FIG. 1 is a cross-sectional view showing a connecting portion between a tube of a ball screw and an edge of a tube prepared hole according to a first embodiment of the present invention.

FIG. 2 is a graph showing experimental results.

FIG. 3 is a sectional view showing a joint portion between a tube and a ball screw groove of the ball screw according to the second embodiment of the present invention.

FIG. 4 is a graph showing experimental results.

FIG. 5 is a plan view of a conventional ball screw.

6 is a sectional view taken along the line AA of FIG.

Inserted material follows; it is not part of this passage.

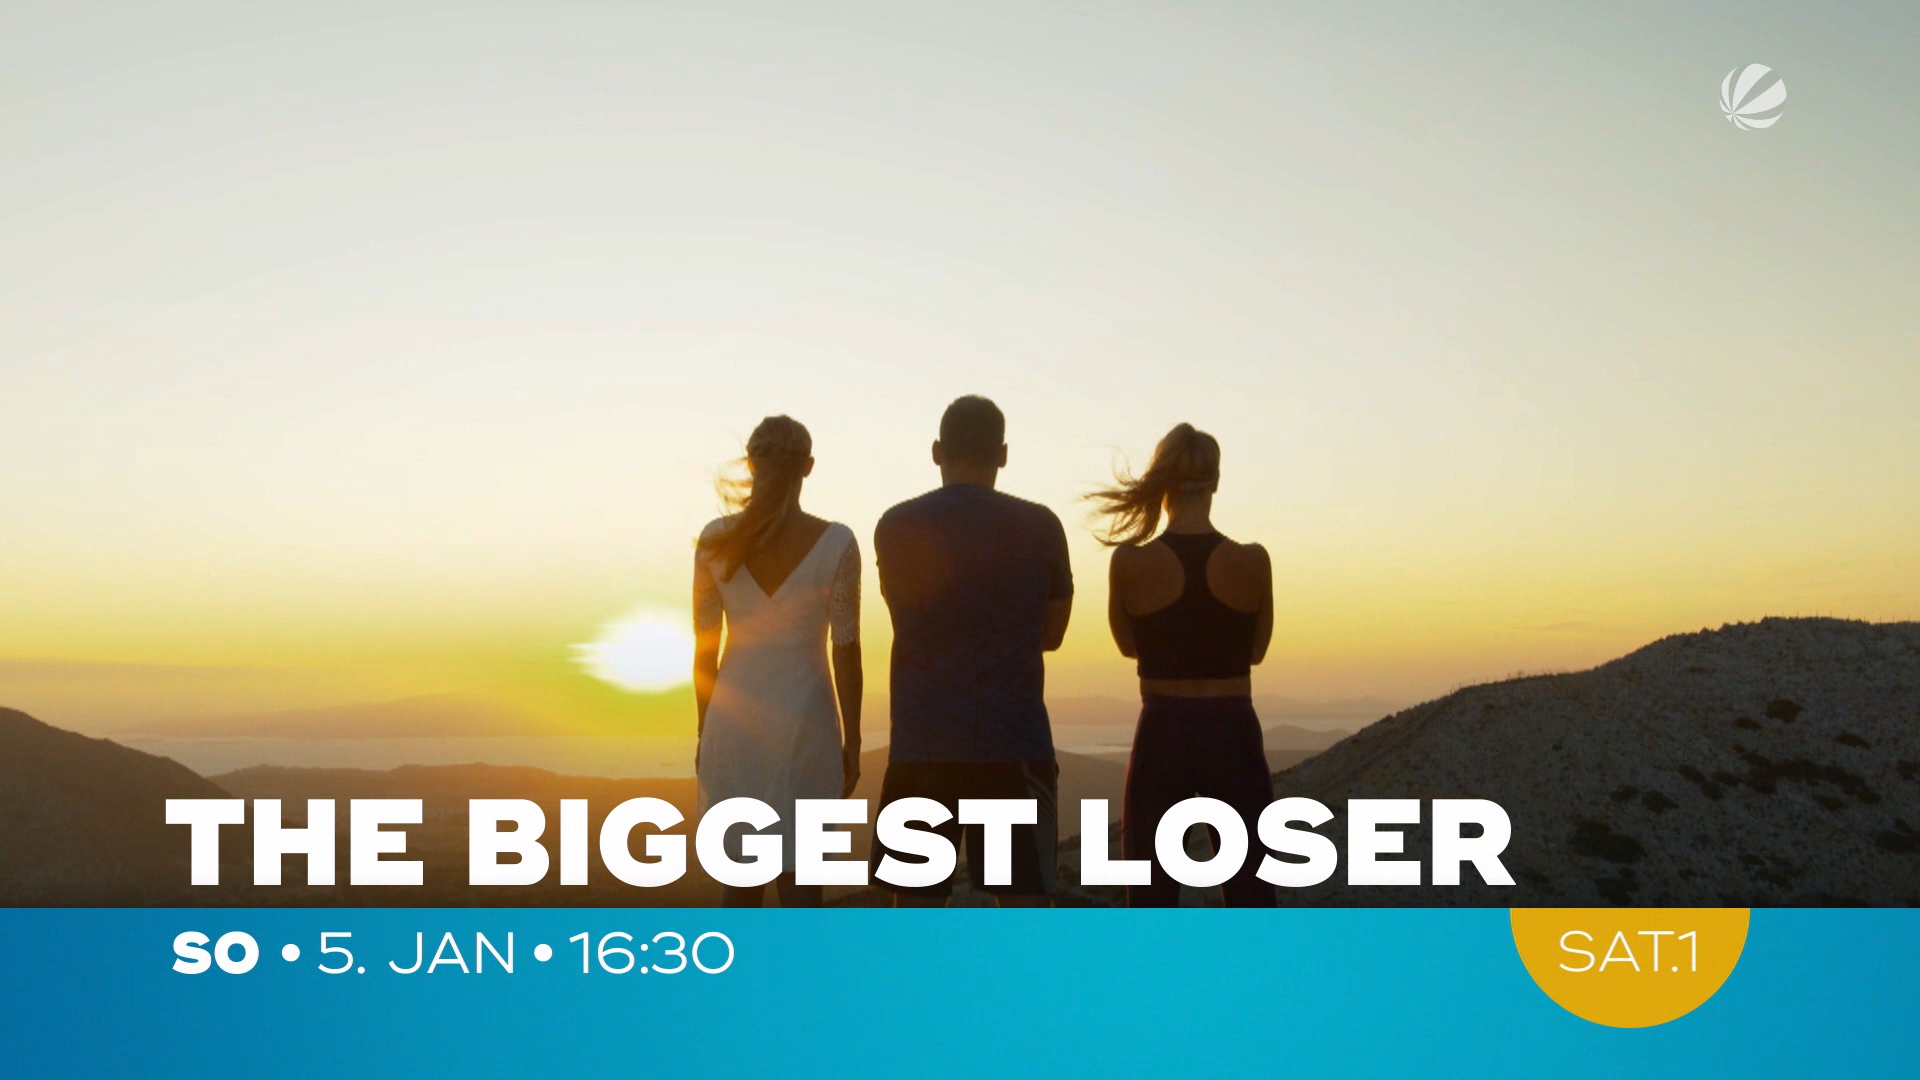 Sat.1 The Biggest Loser 2021 Ankündigungstrailer

7 is a cross-sectional view showing an enlarged portion B of FIG. 6 to show a connecting portion between the tube of the ball screw and the edge of the prepared hole of the tube.

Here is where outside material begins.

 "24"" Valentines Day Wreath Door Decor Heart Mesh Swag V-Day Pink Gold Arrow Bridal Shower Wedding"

FIG. 8 is a partially sectional plan view of another conventional ball screw.

FIG. 9 is a cross-sectional view showing an enlarged portion C of FIG. 8 and an enlarged joint portion between the tube of the ball screw and the ball screw groove.

[Explanation of symbols]

1 ... Screw shaft 2, 4 ... Ball screw groove 3 ... Ball nut 7 ... tube 7a ... Pipe end 9 ... Ball 10 ... Tube pilot hole edge 12 ... Inside 14 ... seams

Claims (3)

[Claims] 1. A screw shaft having a spiral ball screw groove on an outer peripheral surface, a ball nut having a ball screw groove corresponding to the ball screw groove of the screw shaft on an inner peripheral surface, and a ball screw of the ball nut. A large number of balls rotatably interposed in the groove and the ball screw groove of the screw shaft, and a pipe end portion in a part of the ball screw groove so that the balls can pass over the screw threads of the screw shaft and circulate. In a ball screw consisting of a tube connected to the tube pilot hole edge of the ball nut and forming a circulation path, chamfering the inner surface of the tube end portion of the tube and the tube pilot hole end edge of the ball nut. Characteristic ball screw. 2. A screw shaft having a spiral ball screw groove on the outer peripheral surface, a ball nut having a ball screw groove corresponding to the ball screw groove of the screw shaft on the inner peripheral surface, and a ball screw of the ball nut. A large number of balls rotatably interposed in the groove and the ball screw groove of the screw shaft, and a pipe end portion in a part of the ball screw groove so that the balls can pass over the screw threads of the screw shaft and circulate. A ball screw comprising a tube which is connected to an end edge of a tube hole of the ball nut to form a circulation path, wherein an inner surface of the edge end of the tube hole of the ball nut is chamfered. 3. A screw shaft having a spiral ball screw groove on the outer peripheral surface, a ball nut having a ball screw groove corresponding to the ball screw groove of the screw shaft on the inner peripheral surface, and a ball screw of the ball nut. A large number of balls rotatably interposed in the groove and the ball screw groove of the screw shaft, and a pipe end portion in a part of the ball screw groove so that the balls can pass over the screw threads of the screw shaft and circulate. And a tube that forms a circulation path by connecting to the edge of the ball pilot hole of the ball nut, and the circulation path of the tube is perpendicular to the screw shaft by an angle that matches the lead angle of the ball screw groove of the ball nut. Ball screw having a different cross-section inclined in the axial direction, wherein the edge of the ball screw groove of the ball nut, which is a joint with the tube end of the tube, is chamfered.